わかっていること
苦労ばっかり かけるけど
黙って ついて来てくれる
心に笑顔 たやさない
今も おまえはきれいだよ
俺の自慢さ おまえとふたり酒
出典: ふたり酒/作詞:たかたかし 作曲:弦哲也
夫婦がお互いに苦労をかけあうのは、当然といえば当然ともいえます。
当然ではありますが感謝の思いは口にしなければなかなか相手には伝わりません。
若い夫婦であれば、感謝の言葉も抵抗なくでるのかもしれません。
この歌詞の年代の男性が妻に感謝を伝えるのはなかなかうまくないのではないでしょうか。
この歌の主人公が実際に口に出して妻に感謝し、妻を褒めたのかは不明です。
口に出したか出さぬかはわかりません。
しかし、心の中では妻の存在に感謝し気持ちをかみしめていることが伝わってきます。
なかなかいえない男の気持ち
女性が夫から言われてうれしいと思う言葉はいろいろあります。
その中でも「俺の自慢」というのは特別にうれしい言葉なのではないでしょうか。
「きれいだ」「すきだ」と何千回言われるよりインパクトのある言葉のように感じられます。
この歌の主人公の男性は若い男性ではありません。
長い人生を歩んできた男性が「俺の自慢」というにはとても深い背景が感じられます。
「俺の自慢」という言葉には、夫婦で歩んできた道のりが男性の人生そのものであることをうかがわせます。
男のやさしさ
「やさしい男性が好き」とはよく聞かれるフレーズです。
本当の意味でのやさしい男性、男性のやさしさとはどんなものなのでしょうか。
「ふたり酒」にしっとりと含まれた、「男のやさしさ」についてみていきましょう。
しあわせにするということ
雪がとければ 花も咲く
おまえにゃ きっとしあわせを
おいでよ もっと俺のそば
つらい涙に くじけずに
春のくる日を おまえとふたり酒
出典: ふたり酒/作詞:たかたかし 作曲:弦哲也
男性が好きな女性、愛する女性に対ししてやりたいとのぞむことはなんでしょうか。
「大切にするよ。」
「ずっと笑顔でいさせるよ。」
様々な言い回しはありますが、究極のところ「しあわせにしたい。」ということでしょう。

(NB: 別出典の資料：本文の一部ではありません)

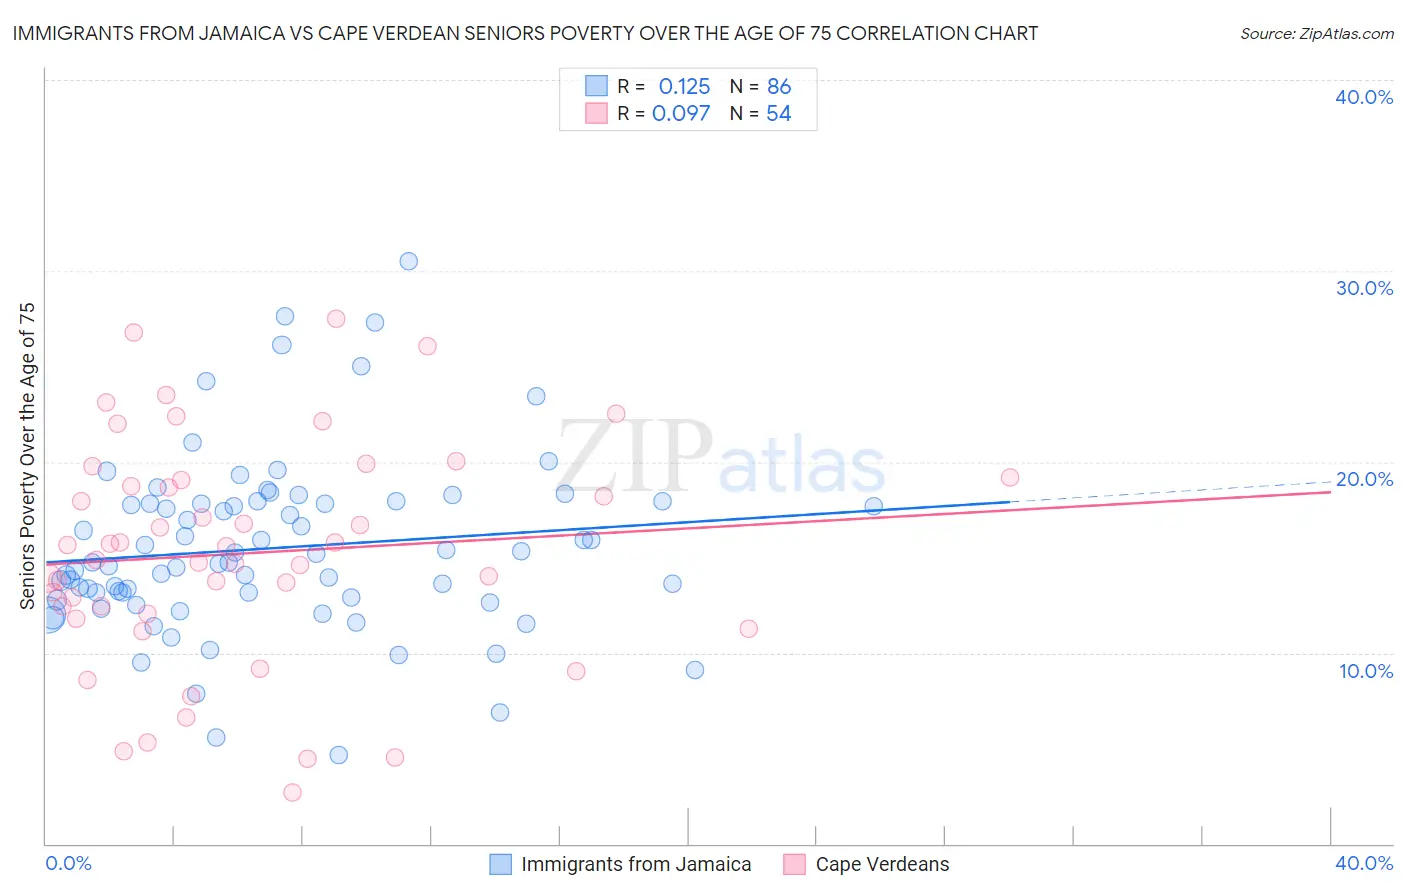 Immigrants from Jamaica vs Cape Verdean Seniors Poverty Over the Age of 75

しあわせという言葉は意味が広くひとによっても感じ方がちがいます。
なにをすればしあわせになれるのか、と問われると正解はありません。
男性としては自分とともに生きてきて最終的に「しあわせだった」と妻が思ってほしいと願っています。
しあわせにしたいと思ってくれる伴侶の存在はひとつのしあわせの形であるといえるでしょう。
ふたりで待つ春
良いことばかりの人生がないのと同じく、つらいことはいつまでも続きません。
生きていくことさえつらいと思うこともいずれ雪解けし、春はくるのでしょう。
わかってはいてもときどき放り出したくなるときもきっとあります。
そんなとき、支えてくれる伴侶の存在があれば、ぐっと今を我慢して乗り越えられるのではないでしょうか。

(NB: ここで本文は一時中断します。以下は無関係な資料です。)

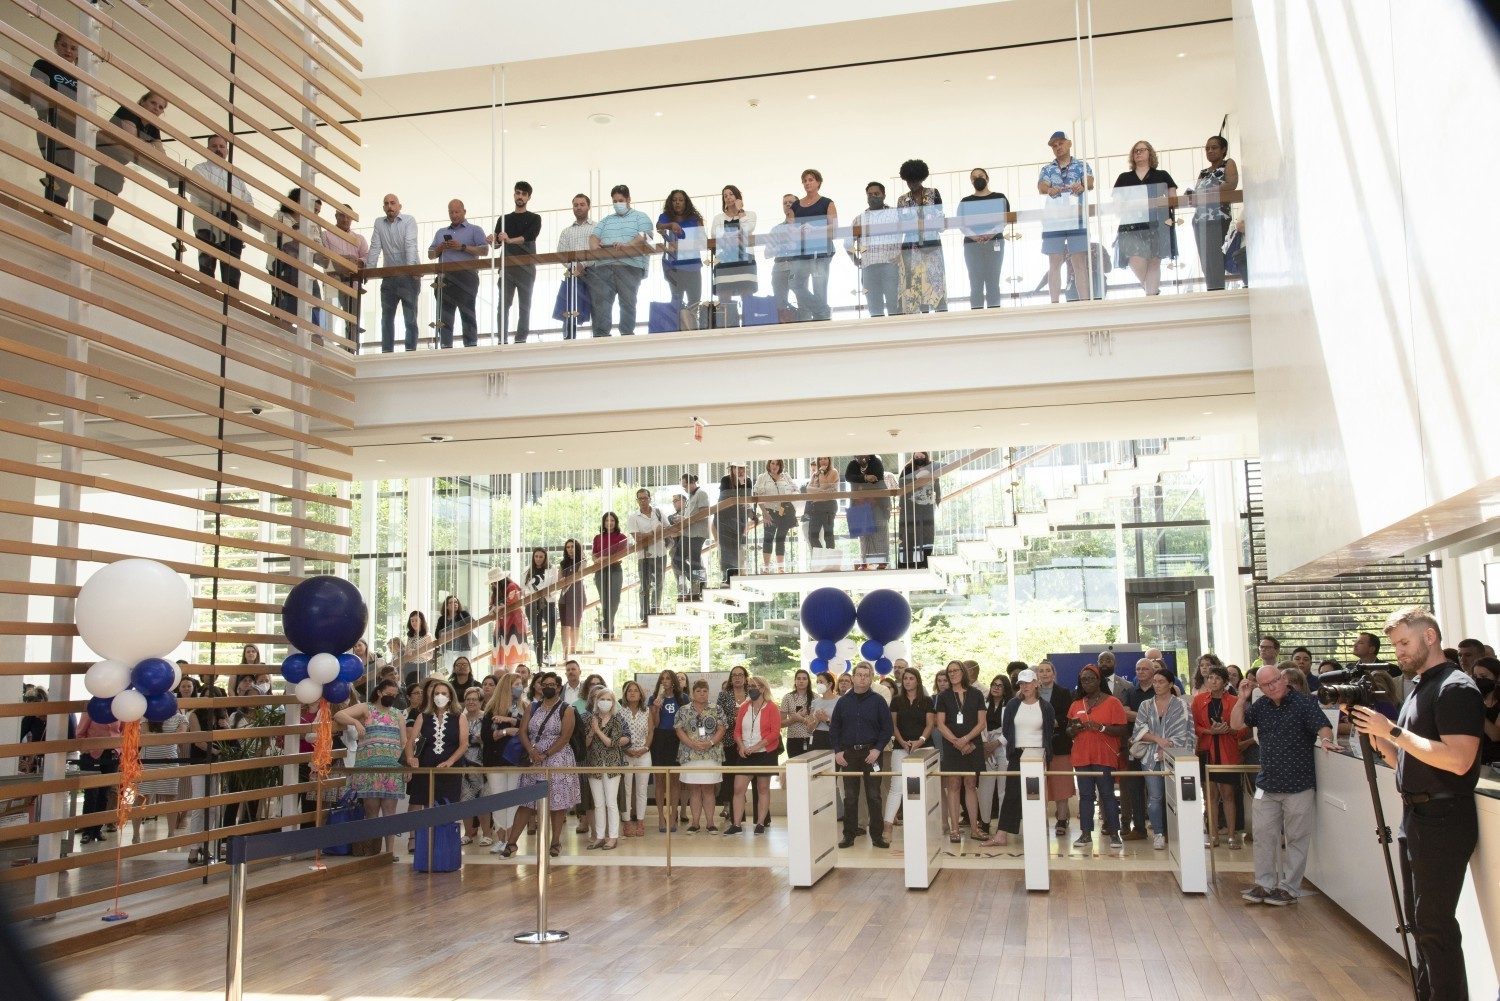 Our employees celebrating the grand re-opening of our refurbished HQ in Madison, NJ.

夫婦とは、病めるときも健やかなるときもともに力を合わせて生きるものです。
つらいときを一緒に乗り越えてくれた妻と一緒に春を迎えたいというフレーズには精いっぱいの愛情を感じます。
男にとって妻と酒とは
「ふたり酒」の中でなんどとなく繰り返される「おまえ」と「酒」というフレーズ。
男性にとって、妻とお酒とはどんな意味をもつものなのでしょうか。
男にとって妻とは、酒とは
男性にとって妻とはどのような位置づけのものなのでしょうか。
また、男性にとってお酒はどんな意味があるのでしょうか。
この歌の主人公の男性は、社会でのしがらみやつらさを、妻のやさしさとお酒で洗い流しています。
会社に行けば社長や部長やと様々な階級がありそれぞれの顔で仕事をしなければなりません。
しかし、どの男性も家にかえれば妻とお酒を愛するひとりの男です。
男性にとって妻とお酒は、裃を脱いではだかで受け入れてくれるものです。
「おまえ」と「酒」は、世間とは対極にある安らぎの代名詞といえます。